July 2 — Scientists have identified a microbe that gobbles up toxic waste deep underground, a potential remedy for hundreds of contaminated aquifers across the country near industrial and military sites. The bacterium, known as BAV1, was found in soil samples 20 feet deep at a contaminated site in Oscoda, Mich.

BAV1 was isolated from a bustling community of microscopic organisms that included thousands of kinds of bacteria.

MICROBIOLOGIST FRANK Loeffler of Georgia Tech University said it flourishes in the packed earth where there is no oxygen, feeding off toxic compounds commonly known for making plastic pipe and food wrap.

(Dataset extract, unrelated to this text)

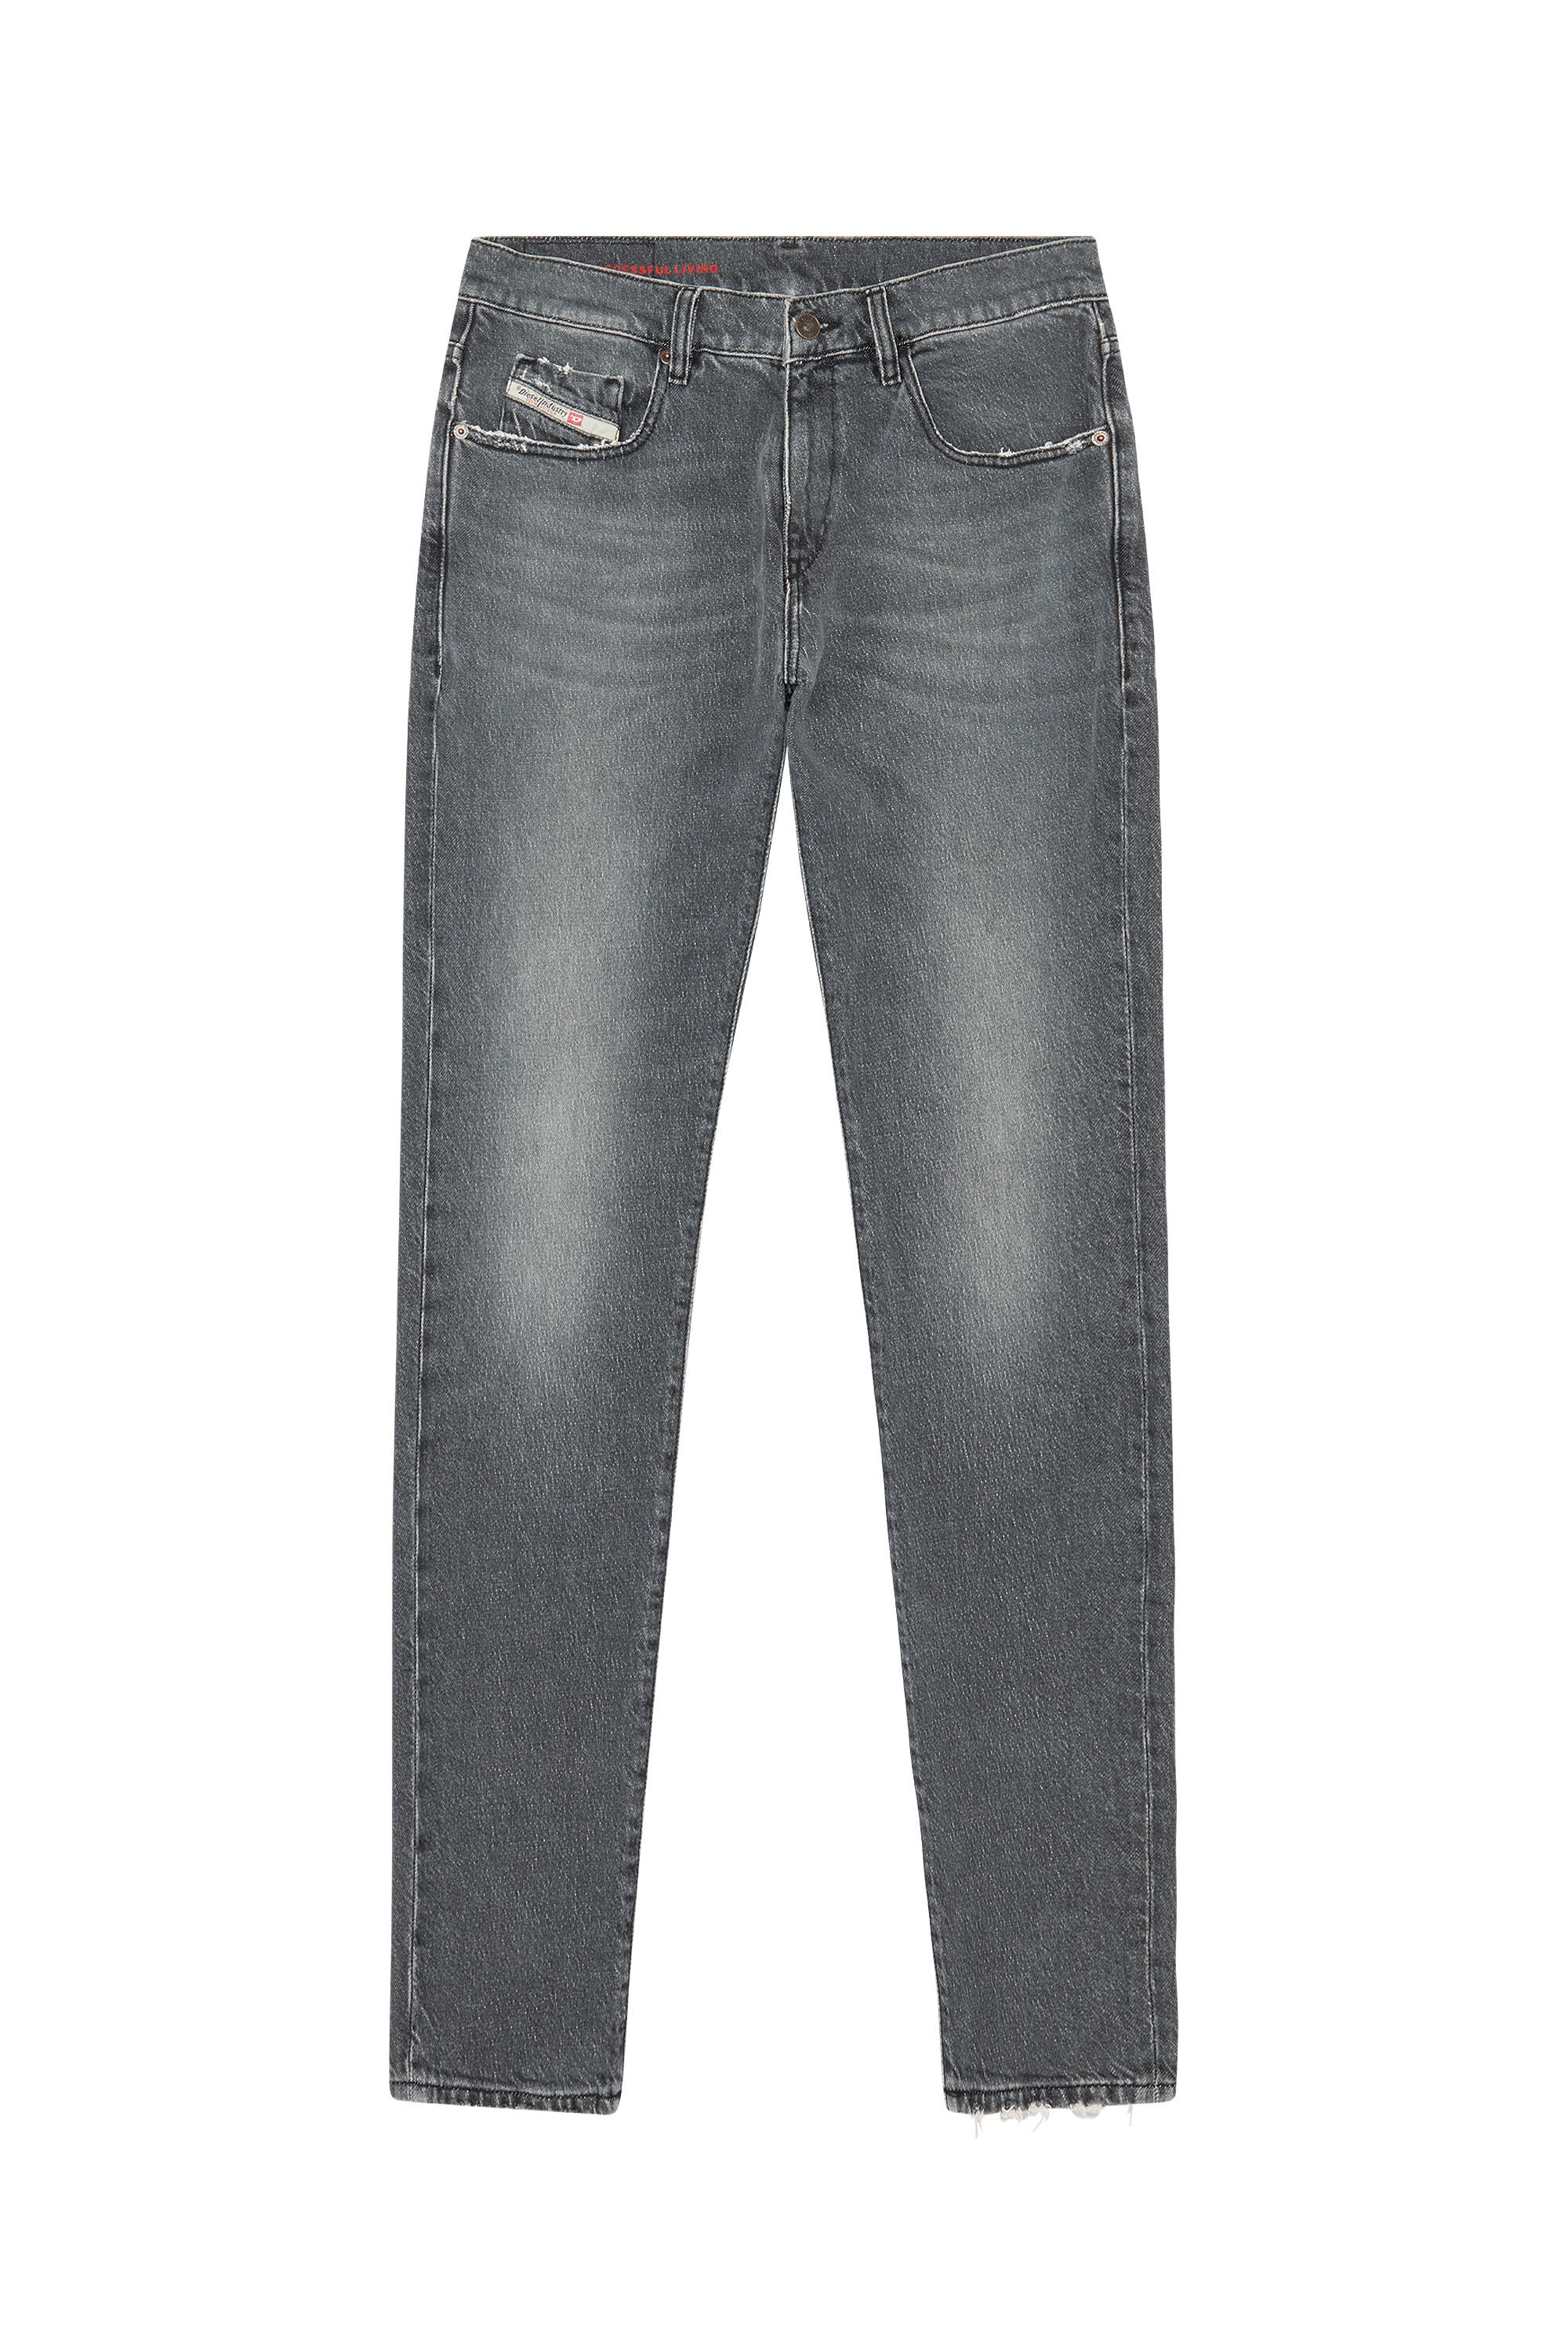 Diesel - Slim Jeans 2019 D-Strukt 09E75, Black/Dark grey - Image 2

Most importantly, it thrives underground on vinyl chloride, one of the most common and hazardous industrial chemicals that can linger in the soil for hundreds of years.
Vinyl chloride is present at about a third of toxic “Superfund” sites listed by the Environmental Protection Agency. It usually accumulates as a deteriorated form of more complex organic compounds found in dry cleaning fluid and metal cleansers.

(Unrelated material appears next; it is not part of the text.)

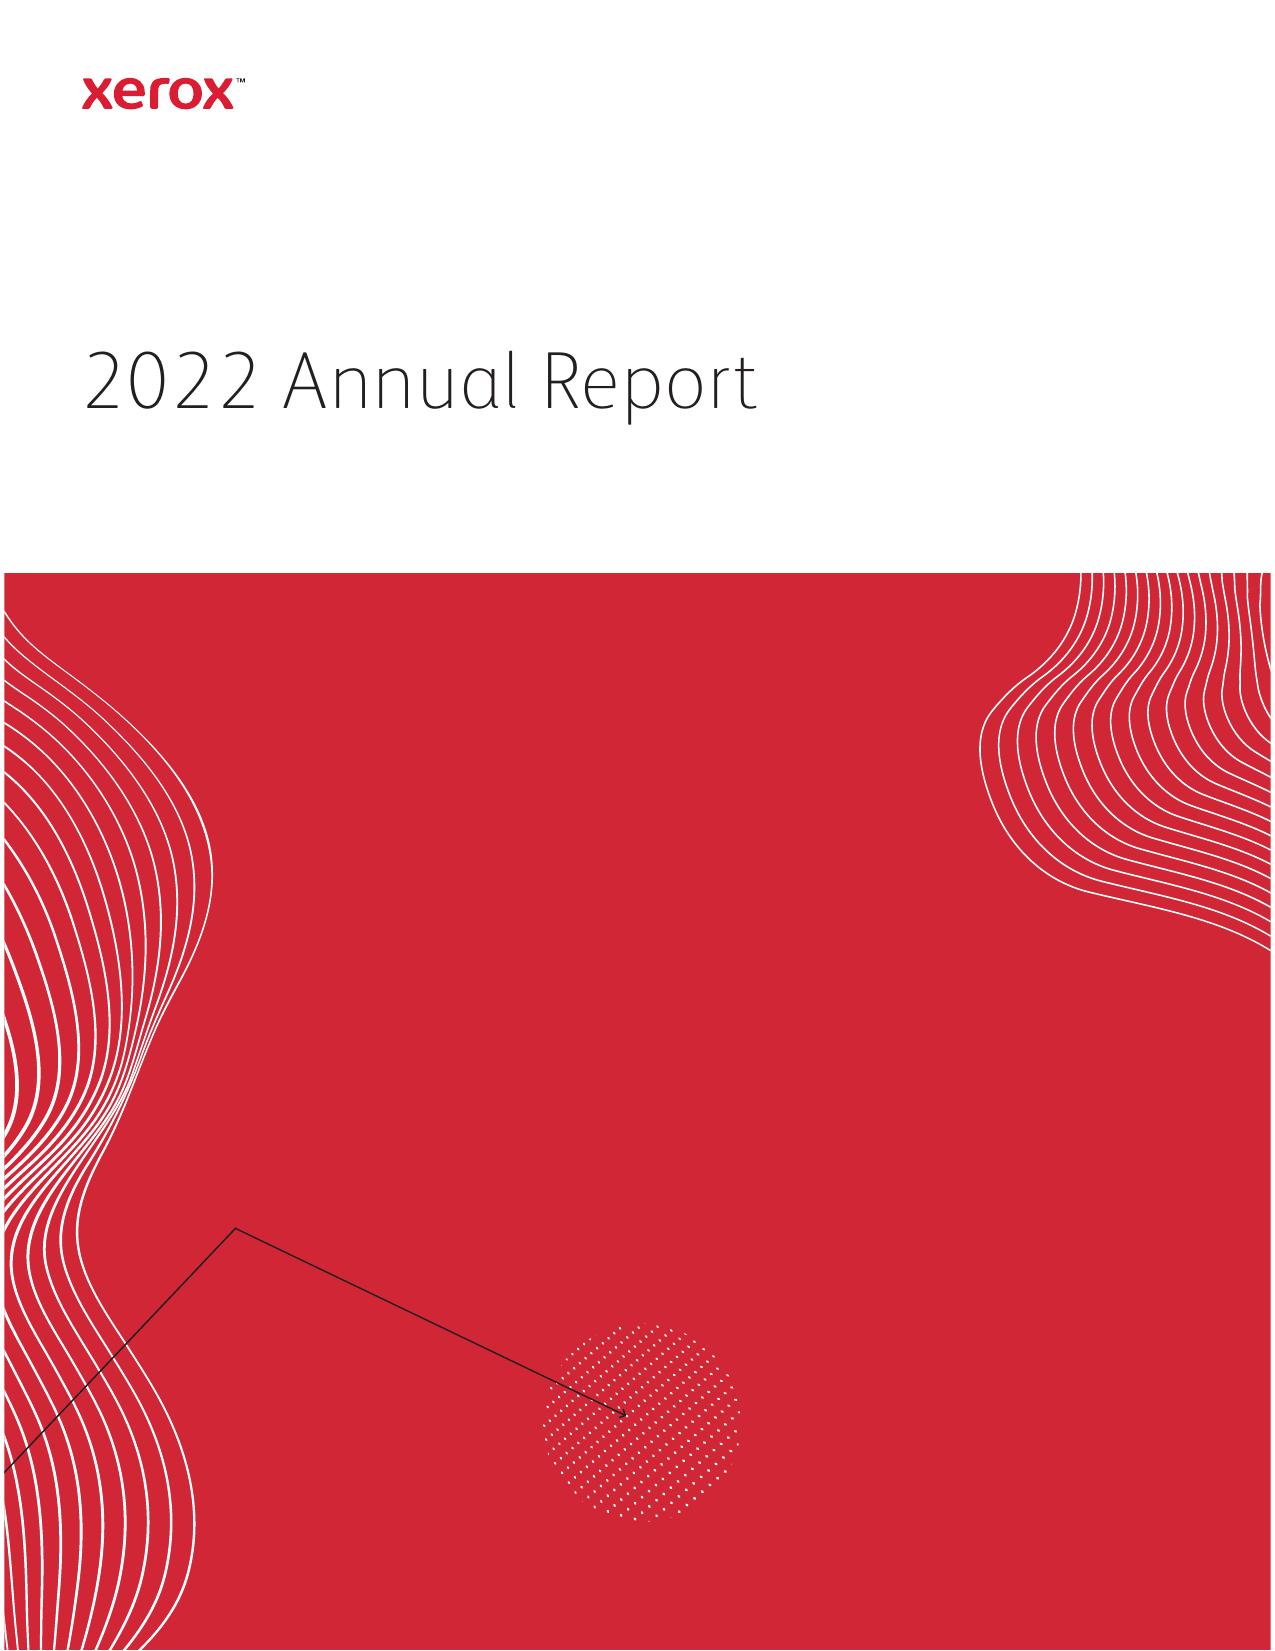 ARAMEDIA 2022 Annual Report

Brief contact with vinyl chloride has been known to cause dizziness, drowsiness, and headaches. Long-term exposure will increase the risk of a rare form of liver cancer, according to the EPA.

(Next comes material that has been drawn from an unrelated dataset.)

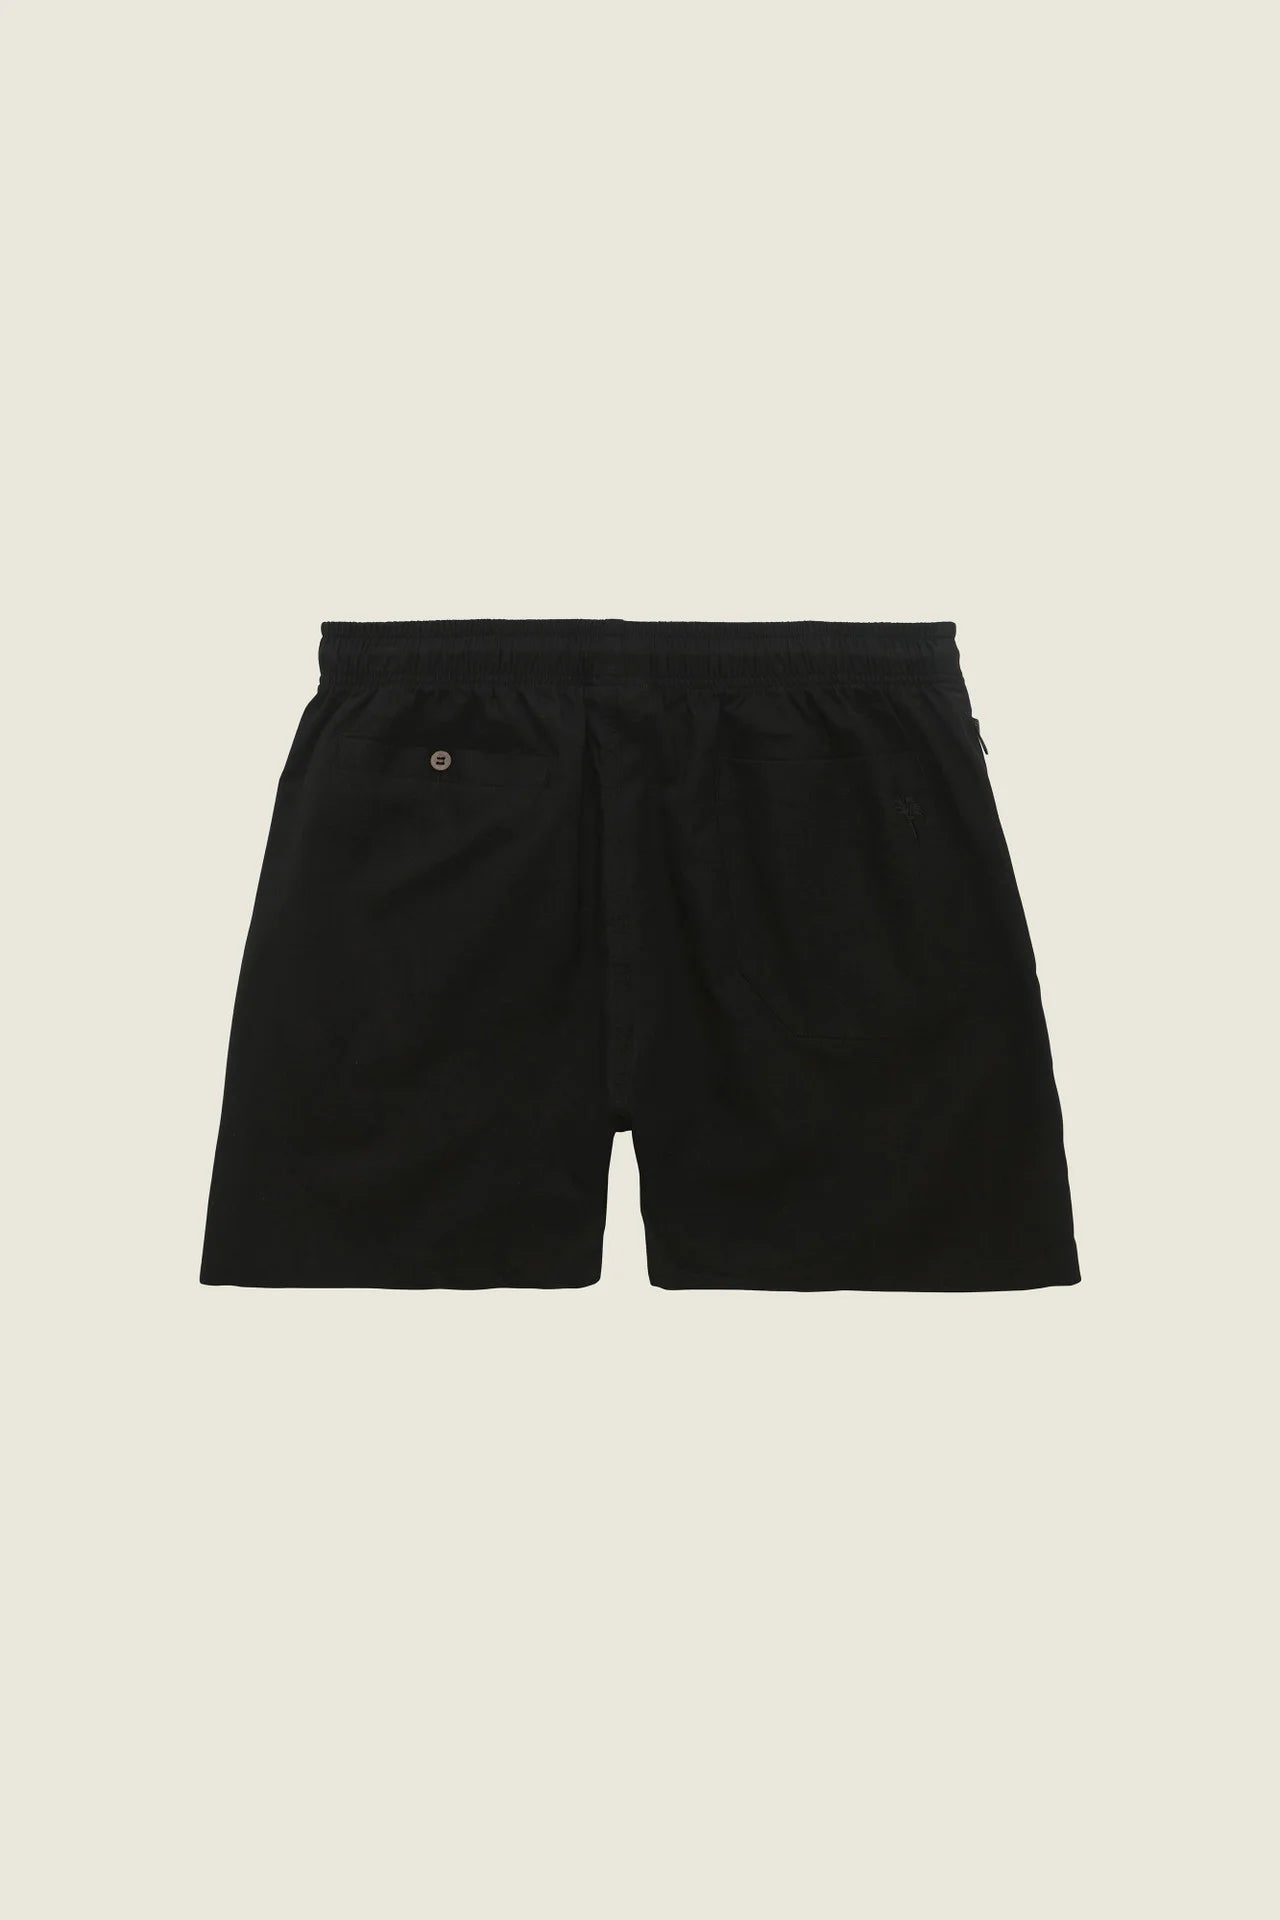 OAS Black Linen Shorts full length back shot

Loeffler has already tested the bacterium on vinyl chloride at the contaminated site in Michigan. Its ability to eat the toxic compound — rendering it harmless — was hastened in one test by adding plant fertilizer and other nutrients to the soil. In another trial, vinyl chloride was destroyed by injecting the soil with concentrated amounts of BAV1 developed in the lab.
His work is presented in Thursday’s issue of the journal Nature.
“It’s pretty exciting stuff,” said David Freedman, an environmental engineering professor at Clemson University who wasn’t involved in the work.
The way most cleanup crews now deal with vinyl chloride is to pump the contaminated water out of the ground and spray it into the atmosphere as a fine mist, letting sunlight break down the chemical naturally.
“But through a very long and painful experience, we’ve learned that it’s not the best way to deal with the problem,” Freedman said.
Hazardous chemicals have a way of sticking to the soil underground, so pumping out the aquifer never quite gets rid of all the contaminants, he explained.

“It’s a waste of money,” Loeffler said.
Scientists have long suspected that deep in the ground some type of microbe found vinyl chloride palatable. Loeffler spent four years searching for it, isolating BAV1 from a bustling community of microscopic organisms that included thousands of kinds of bacteria.
James Gossett, a Cornell University researcher who identified a bacterium in 1997 that could eat organic chlorides but had problems with vinyl chloride, called BAV1 “another in a long list of discoveries or isolations” that will illuminate research into cleaning toxic waste with bacteria.

Gossett said the discovery will help scientists determine which enzyme breaks down vinyl chloride.
If the enzyme is found, Gossett said more robust bacteria that can survive in the presence of oxygen or eat faster than BAV1 could be genetically engineered to digest vinyl chloride.